How this skill works

Provide a news URL and the skill auto-detects the platform by URL pattern. It fetches the page, runs platform-specific parsing logic to extract title, author, publish time, paragraphs and media, then formats results into a JSON object and a Markdown document and saves them to an output directory. The extractor includes retry and HTML parsing safeguards to handle common page variations.

When to use it

  • You need a clean structured JSON representation of a single news article for downstream processing.
  • You want a ready-to-read Markdown file of a news article for notes, reports, or archiving.
  • You need to scrape public article content from supported Chinese news platforms for research or analysis.
  • You want to batch or script extraction into a pipeline that consumes article JSON.
  • You need images and media links extracted alongside text for content auditing or indexing.

Best practices

  • Use one URL per extraction to minimize parsing errors and to make outputs deterministic.
  • Respect site terms and robots.txt; avoid high-frequency batch scraping.
  • Provide valid cookies if extracting WeChat content that requires a session.
  • Validate the saved JSON before downstream ingestion; page structure can change over time.
  • Run the extraction from the project virtual environment or wrapper to ensure correct dependencies.

Example use cases

  • Researcher exporting articles to JSON for text analysis or NLP model training.
  • Content curator saving Markdown copies of news articles for summaries or newsletters.
  • Developer integrating a one-off scraper into a data pipeline that indexes headlines and images.
  • Journalist archiving source articles with metadata (author, publish time, original link).
  • QA teams verifying that article media (images/videos) are correctly captured and linked.

FAQ

Which platforms are supported?

WeChat public accounts, Toutiao, NetEase, Sohu, and Tencent News.

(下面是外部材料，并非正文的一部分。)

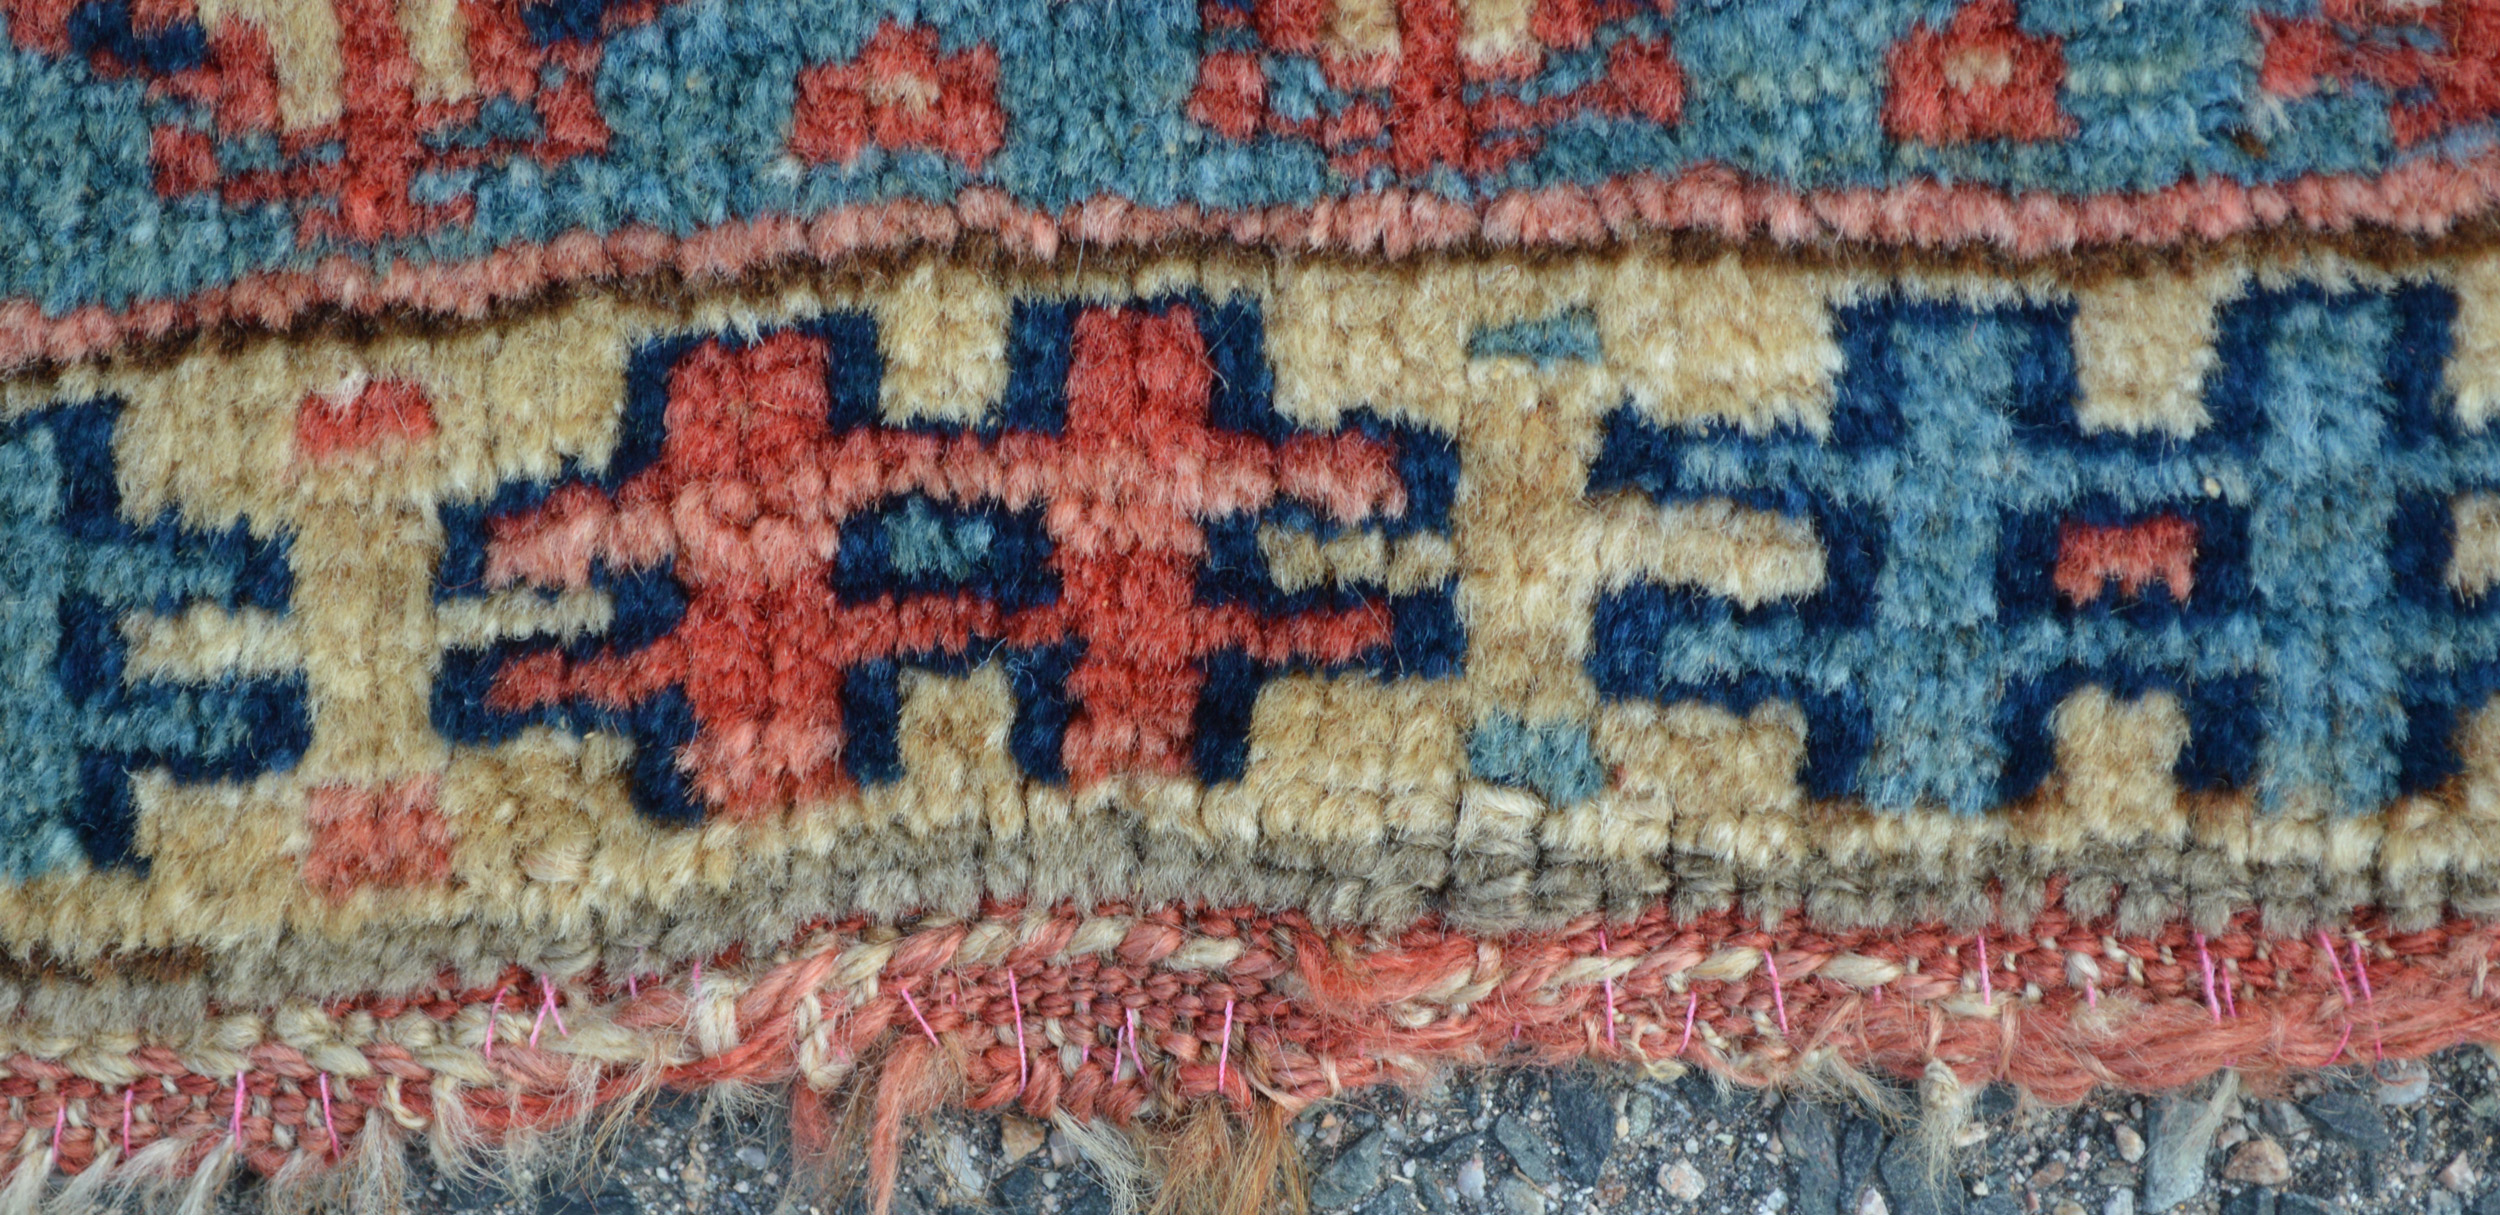 Chain stitch end finish from an antique Kurdish bag face, probably woven in the Bidjar area in northwest Persia, circa 1885

What formats does the skill produce?

Structured JSON with metadata and a Markdown article file; you can choose one or both.

What if extraction fails?

Common causes are invalid URLs, page layout changes, or required cookies; retry, check the URL, or provide session cookies for protected WeChat pages.